Monday, June 06, 2022

BIDEN'S POLLING NUMBERS
Biden entered office facing daunting crises – only to be hit with more crises

Lauren Gambino in Washington
THE GUARDIAN
Mon, June 6, 2022

Photograph: Olivier Douliery/AFP/Getty Images

In his third run for president, Joe Biden’s pitch to Americans was simple: after half-a-century in elected office, including eight years as vice-president, he understood the demands of what is arguably the hardest job in the world. It was a point Biden stressed on the campaign trail, in his own folksy way: “Everything landed on the president’s desk but locusts.”

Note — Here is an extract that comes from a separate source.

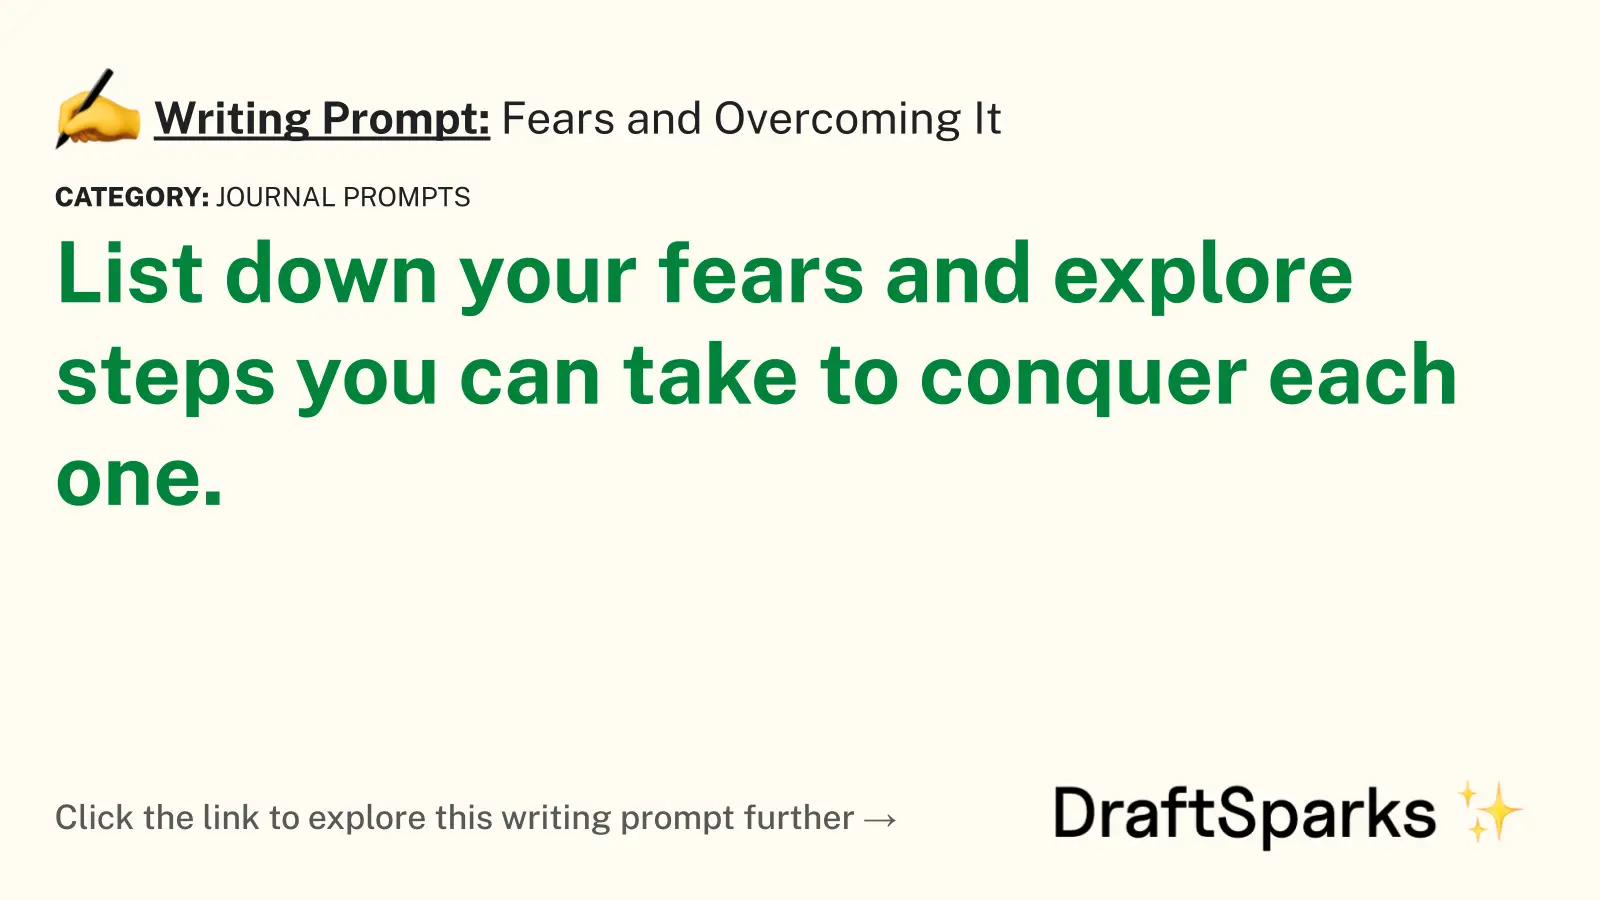 Fears and Overcoming It

Nearly a year-and-a-half into his presidency, Biden now appraises his own fortunes differently. “I used to say in Barack’s administration: ‘Everything landed on his desk but locusts’,” he told Democratic donors in Oregon. “Well, they landed on my desk.”

Successive mass shootings, including a racist attack at a grocery store in Buffalo, New York, and a massacre at an elementary school in Uvalde, Texas, that left 19 elementary school students and their teachers dead, present just the latest test for a president desperate to act but constrained, once again, by the limits of his own power.

“Enough. Enough,” Biden repeated in a rare primetime address to the nation, pleading with Congress to honor the communities shattered by mass shootings by finally tightening the nation’s gun laws. He called for a ban on assault-style weapons and lifting legal immunity for gun manufacturers. With razor-thin Democratic majorities in the House and Senate, Biden does not have the votes to move his legislative agenda without consensus.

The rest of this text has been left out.